No related resources


Walter Rauschenbusch (1861–1918) was a theologian, Baptist minister, and activist associated with the Social Gospel, a progressive and primarily Protestant movement of the late nineteenth and early twentieth centuries. The movement advocated wide-reaching reform to ameliorate contemporary social, political, and economic problems—especially those associated with the ill effects of industrialization and urbanization—as a practical application of Christian morality. The movement sought to employ politics and administration to help perfect society and to realize God’s heavenly kingdom on earth. In his influential 1907 book, Christianity and the Social Crisis, Rauschenbusch argued that, rightly understood, Christian teaching had always been directed toward this utopian goal. The Church had failed in this duty, he claimed, but true Christianity might be reestablished by engaging the contemporary social and economic crisis presented by industry and urbanization.

The redistribution of wealth; the socialization of property; and public ownership of railroads, mines, communications, and other goods were key elements in Rauschenbusch’s iteration of the Social Gospel. In the excerpt below, Rauschenbusch discussed the progressives’ demand for greater economic equality in America. He criticized the resistance to progressive economic reforms, which he saw as coming largely from wealthy special interests who unduly influenced the political process. Like many progressives of his day, Rauschenbusch argued that the rule of law and the inherent conservatism of courts were especially protective of these entrenched special interests.

—Jason R. Jividen

Source: Walter Rauschenbusch, Christianity and the Social Crisis (New York: Macmillan, 1907), 247–86, available online at the Hathi Trust Digital Library: We have omitted the author’s original footnotes.

Approximate equality is the only enduring foundation of political democracy. The sense of equality is the only basis for Christian morality. Healthful human relations seem to run only on horizontal lines. Consequently true love always seeks to create a level. If a rich man loves a poor girl, he lifts her to financial and social equality with himself. If his love has not that equalizing power, it is flawed and becomes prostitution. Wherever husbands by social custom regard their wives as inferior, there is a deep-seated defect in married life. If a teacher talks down at his pupils, not as a maturer friend but with an “I say so,” he confines their minds in a spiritual straitjacket instead of liberating them. Equality is the only basis for true educational influences. Even our instinct of pity, which is love going out to the weak, works with spontaneous strength only toward those of our own class and circle who have dropped into misfortune. Businessmen feel very differently toward the widow of a businessman left in poverty than they do toward a widow of the poorer classes. People of a lower class who demand our help are “cases”; people of our own class are folks.

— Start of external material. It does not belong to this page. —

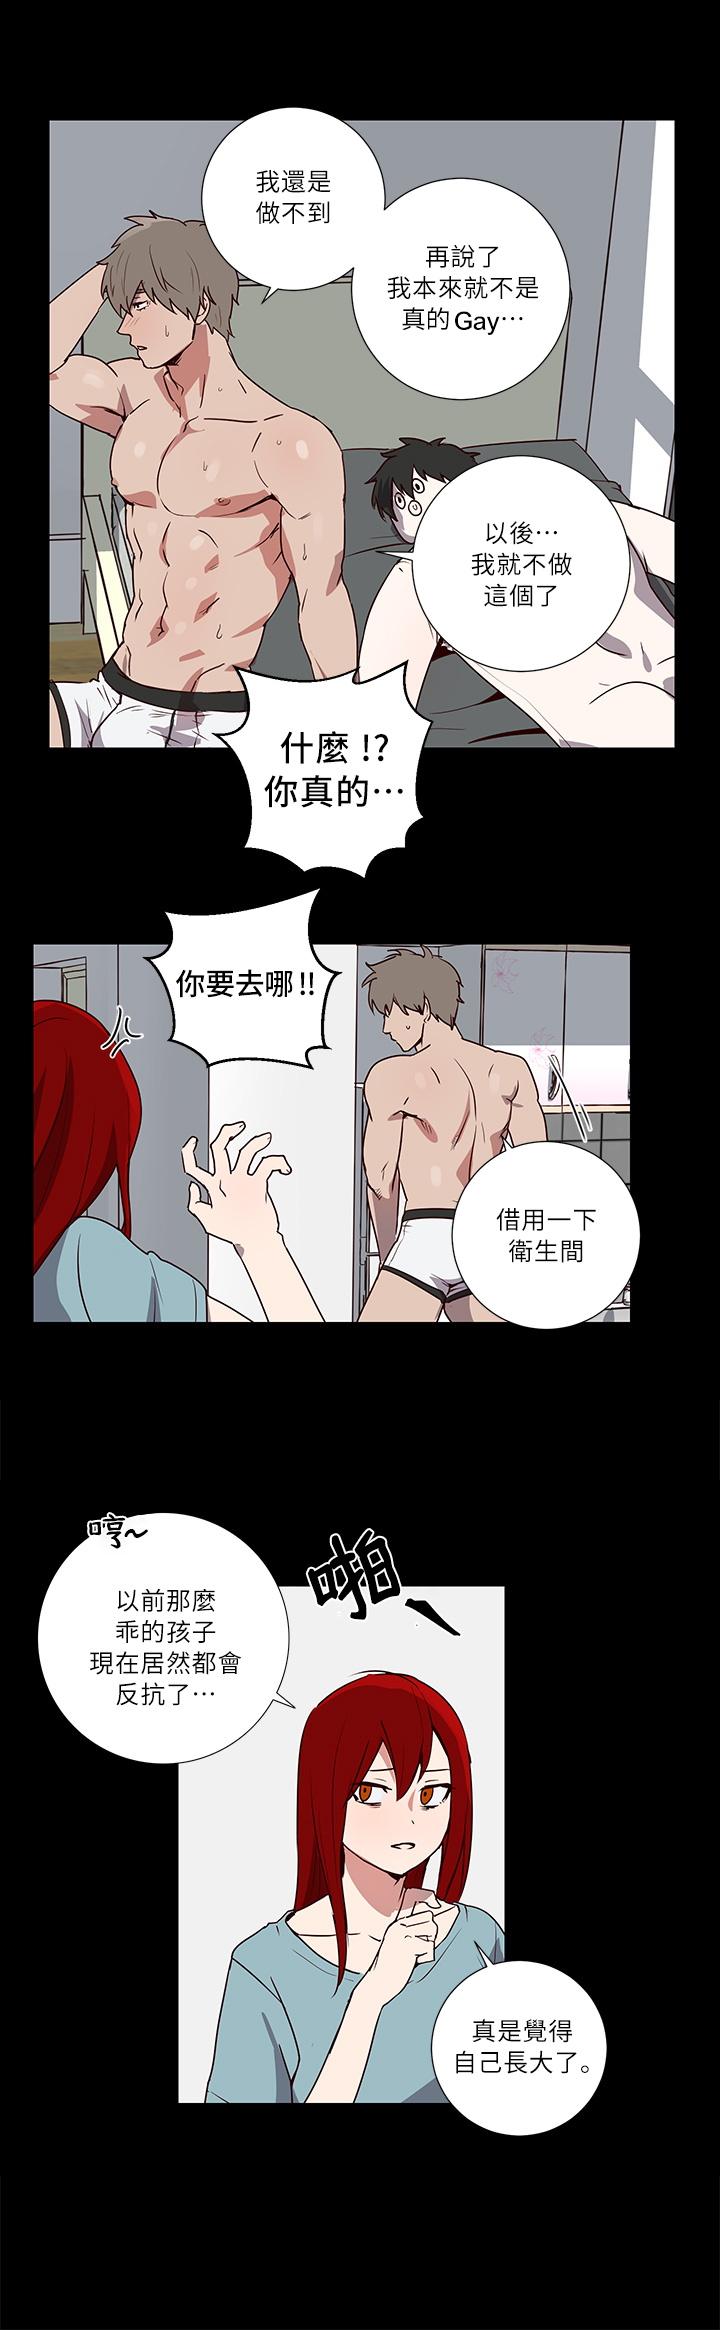 Hotwife 莫捡肥皂 01 Chinese Gay Emo - Page 11

The demand for equality is often ridiculed as if it implied that all men were to be of identical wealth, wisdom, and authority. But social equality can coexist with the greatest natural differences. There is no more fundamental difference than that of sex, nor a greater intellectual chasm than that between an educated man and his little child, yet in the family all are equal. In a college community there are various gradations of rank and authority within the faculty, and there is a clearly marked distinction between the students and the faculty, but there is social equality. On the other hand, the janitor and the peanut vender are outside of the circle, however important they may be to it.

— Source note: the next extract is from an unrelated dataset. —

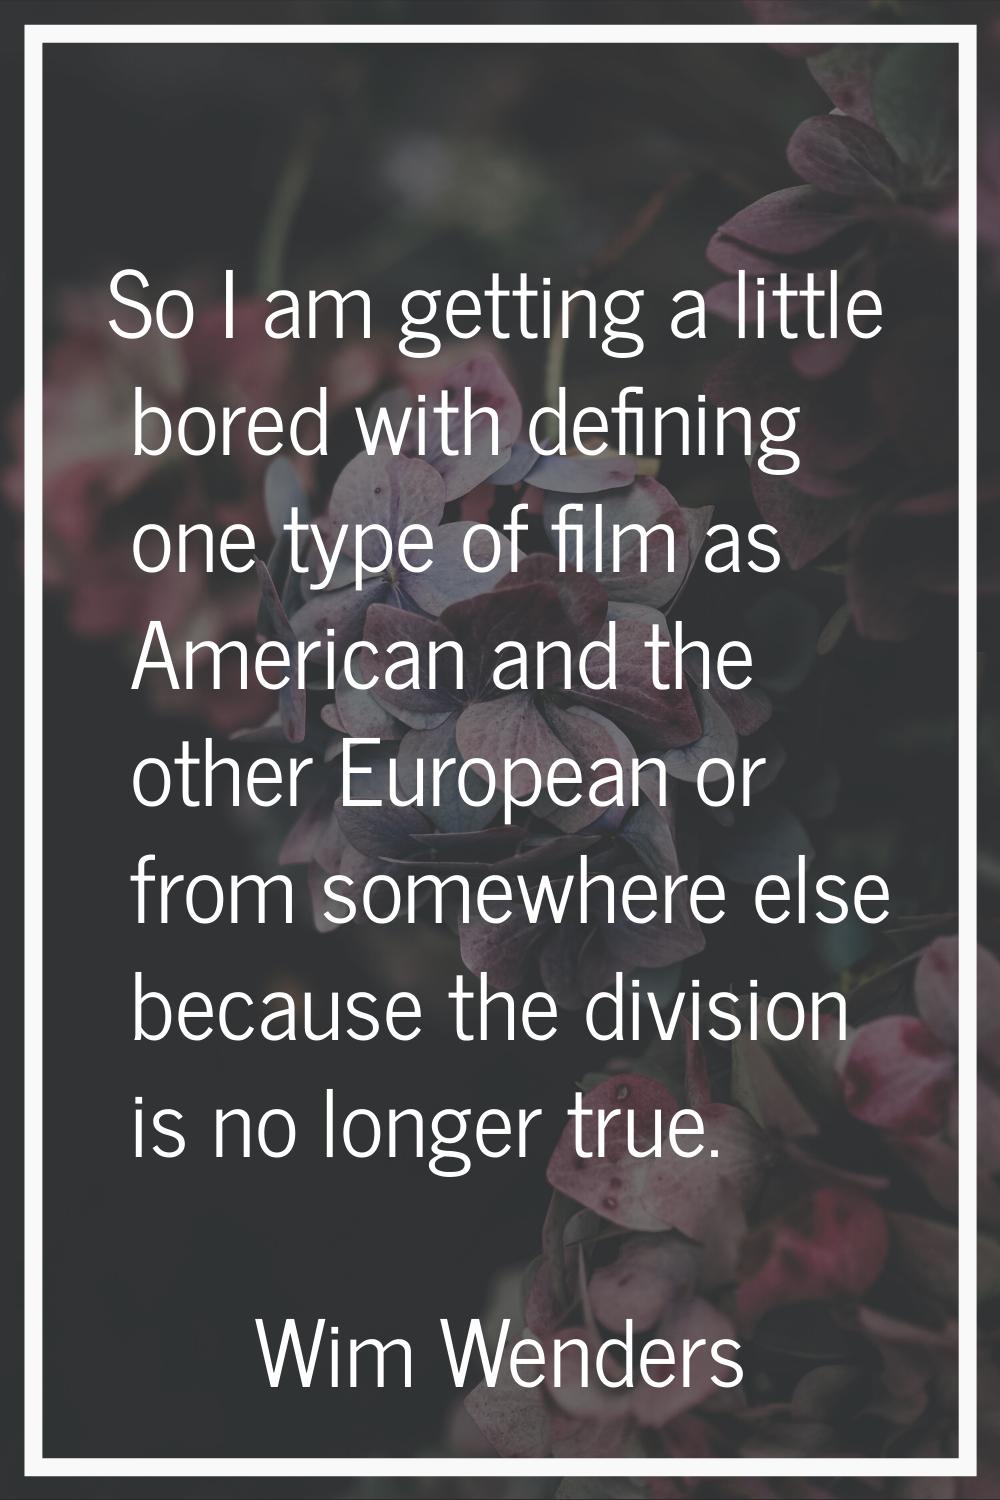 So I am getting a little bored with defining one type of film as American and the other European or

The social equality existing in our country in the past has been one of the chief charms of life here and of far more practical importance to our democracy than the universal ballot. After a long period of study abroad in my youth I realized on my return to America that life here was far poorer in music, art, and many forms of enjoyment than life on the continent of Europe; but that life tasted better here, nevertheless, because men met one another more simply, frankly, and wholesomely. In Europe a man is always considering just how much deference he must show to those in ranks above him, and in turn noting jealously if those below him are strewing the right quantity of incense due to his own social position.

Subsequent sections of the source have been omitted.